+237 677 439 328 info@hrfbuea.org UB Junction, Buea, Cameroon

Project Background

A congenital heart defect is a problem with the structure of the heart that a child is born with. A congenital heart defect (CHD) results when the heart, or blood vessels near the heart, don’t develop normally before birth. Such defects result when a mishap occurs during heart development soon after conception — often before the mother is aware that she is pregnant. The word “congenital” means existing at birth Some congenital heart defects in children are simple and don't need treatment. Other congenital heart defects in children are more complex and may require several surgeries performed over a period of several years. Learning about your child's congenital heart defect can help you understand the condition and know what you can expect in the coming months and years. Congenital heart defects can change the way the heart pumps blood. They may make blood flow too slowly, go the wrong way, or block it completely.

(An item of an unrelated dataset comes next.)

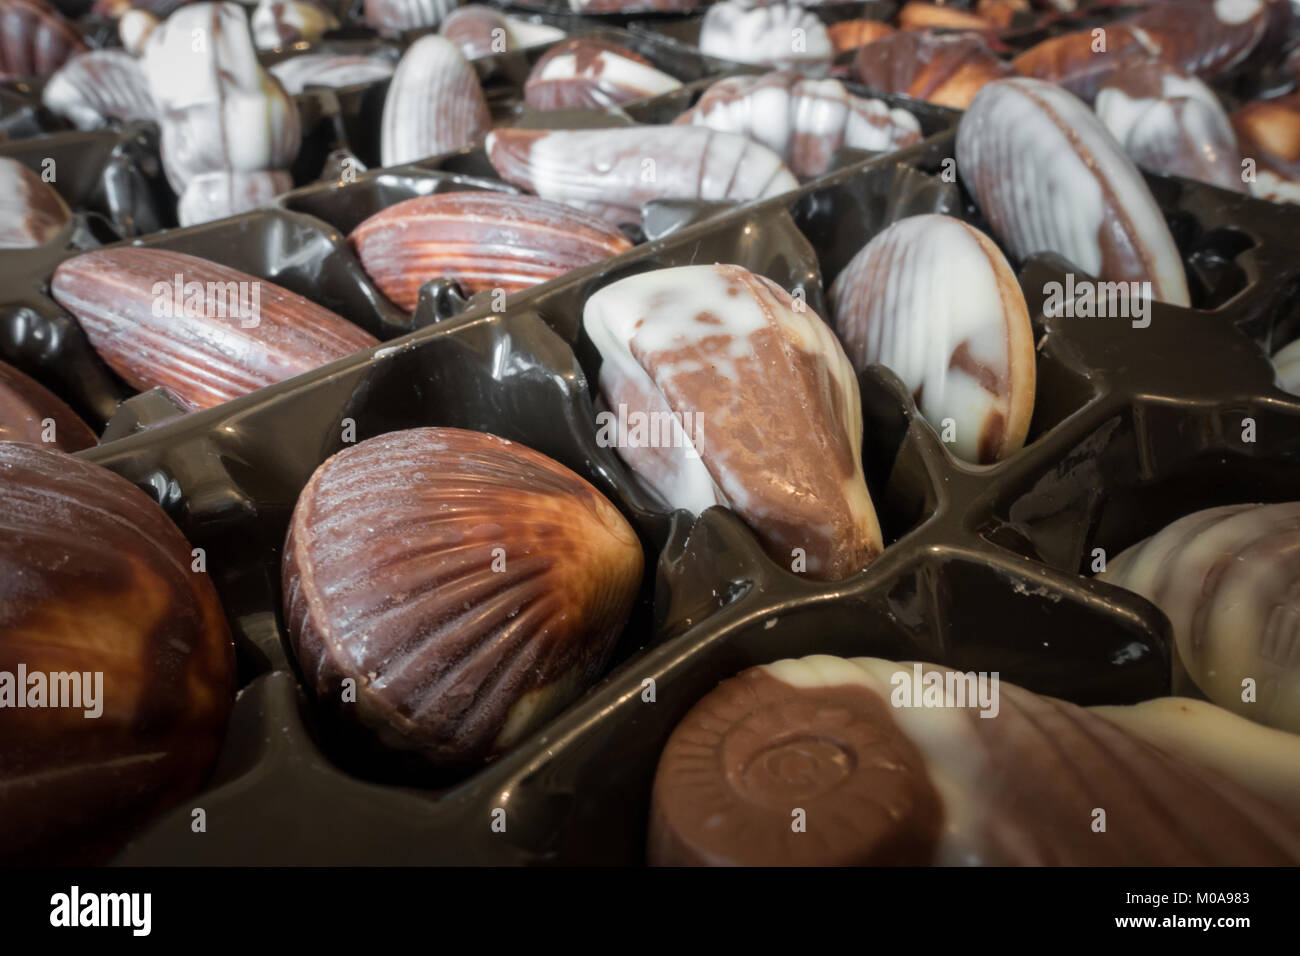 Guylian Belgio Tartufo al cioccolato gusci nel loro imballaggio. Foto Stock

How congenital heart defects develops

During the first six weeks of pregnancy, the baby's heart begins to form and starts beating. The major blood vessels that run to and from the heart also begin to develop during this critical time.
It's at this point in a baby's development that congenital heart defects may begin to develop. Researchers aren't sure exactly what causes most of these defects, but they think genetics, certain medical conditions, some medications, and environmental or lifestyle factors, such as smoking, may play a role.

Types of CHDs

There are many different types of congenital heart defects. They fall into the general categories described below.

  • Septal defects ("hole in the heart") - openings in the wall between the left and right sides of the heart
  • Heart valve defects - problems with the valves that control the flow of blood through the heart
  • Defects in the large blood vessels that carry blood in and out of the heart

Project Objective

General Objective

Artificial Intelligence assisted echocardiography to facilitate optimal image extraction for congenital heart defects diagnosis in Sub- Saharan Africa Specific Aims This project seeks to design an Al model to automatically extract optimal images/video clips from postnatal echocardiogram of neonates (0-28 days) for onward transmission to experts. The new technology will allow low skilled sonographers serving local birthing centres in sub-Saharan Africa (SSA) to conduct an echocardiogram and extract and transmit accurate images to a remote expert for interpretation and diagnosis of congenital heart defect (CHD).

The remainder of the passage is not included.